SEPTEMBER 10, 2007 | 5:45 PM
By Tim Wilson
Site Editor, Dark Reading

I'm sitting with Richard Rushing, chief security officer of AirDefense, on a stone bench that sits neatly between the White House and the U.S. Treasury Building. As we both look intently at the laptop on Rushing's lap, a three-foot Radio Shack antenna protrudes from his briefcase, pulling in transmissions from both of these carefully-secured national institutions.....

Yup, we're "war walking" the White House. We're looking for wireless networks that are open to hack.
As we sit, scanning the IDs of dozens of wireless networks in the area, the shadow of a uniformed White House security officer falls over our screen.

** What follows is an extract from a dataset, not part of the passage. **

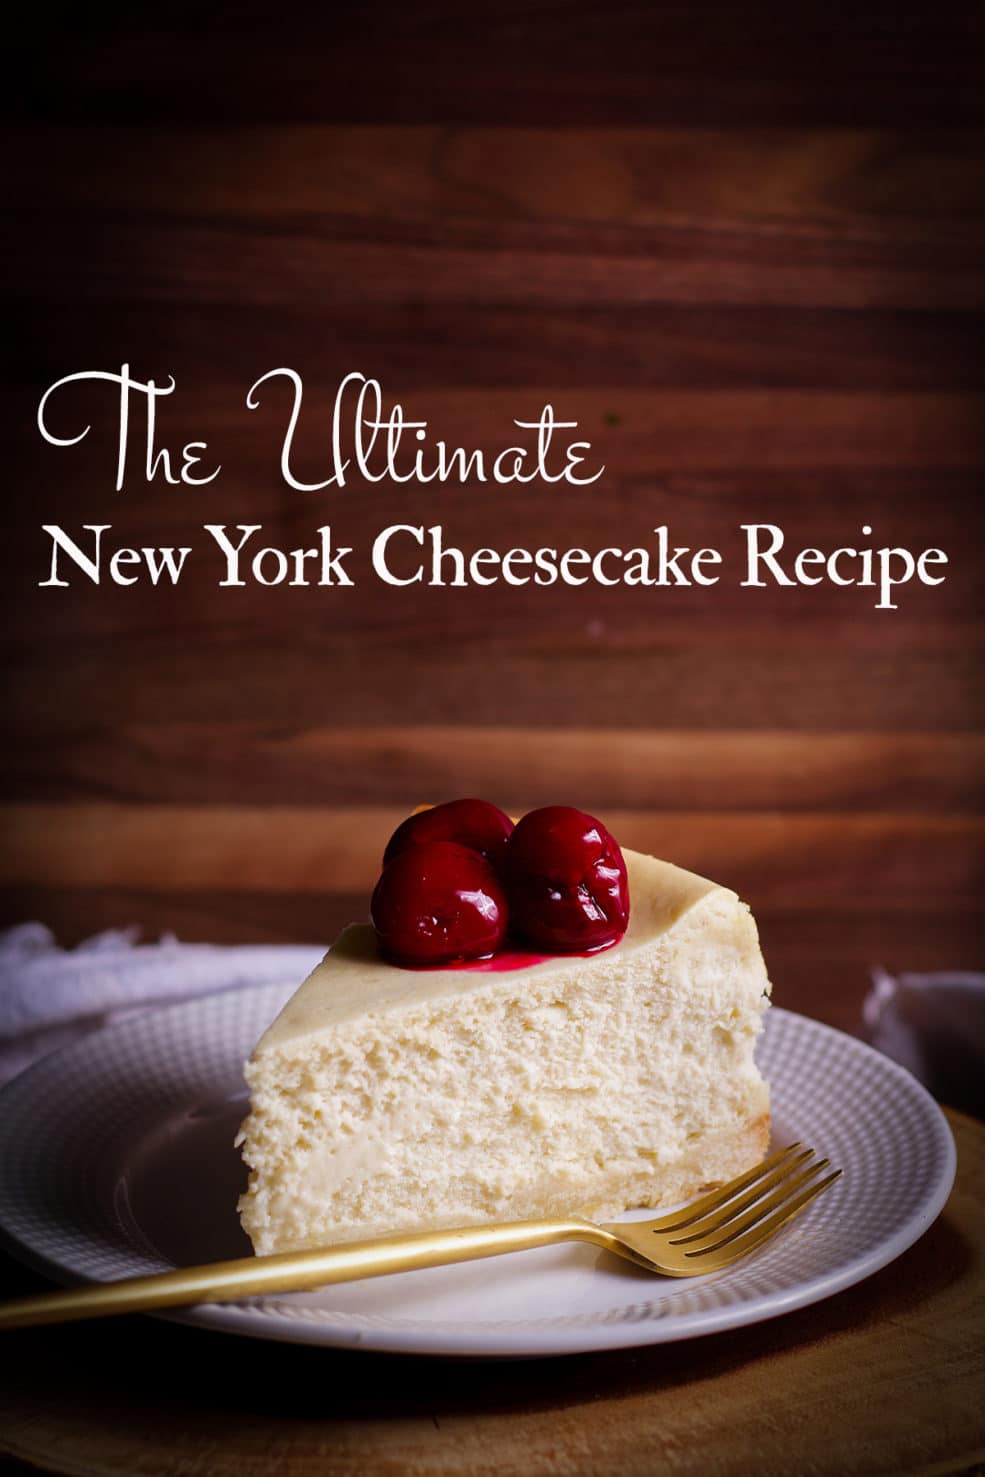 A thick slice of New York Cheesecake with cherry sauce on top on a white plate with a gold fork.

He's the first one to notice our antenna, even though we've passed at least eight officers on our walk so far.

Damn, I'm thinking. Now we're in for an hour of police questioning, or maybe worse. I wonder when I'll get home tonight?

"Excuse me, gentlemen," the officer says politely. "I don't mean to interrupt, but what is that device you have there?"

Rushing, a trained penetration tester and ethical hacker, doesn't try to hide anything. "It's an antenna," he says.

The officer frowns for a moment and looks at the antenna more closely. Then his face brightens. "Cool," he says. "Nice. Thank you." And without another word, he turns and walks away, crossing the street.

And that, folks, is the only time anybody stopped us. We walked the entire White House grounds, circling the Old Executive Office Building and the Treasury. We passed at least 20 security officers while Rushing pointed the wireless antenna out of his briefcase (it's that little white box you see in the photo). Several officers appeared to notice it; only one of them said anything.

It could be that they knew what we were doing and didn't care, confident in the White House's wireless defenses. Or it could be that they saw it and didn't know what they were looking at. Either way, it didn't make me feel more confident in the security of our national institutions.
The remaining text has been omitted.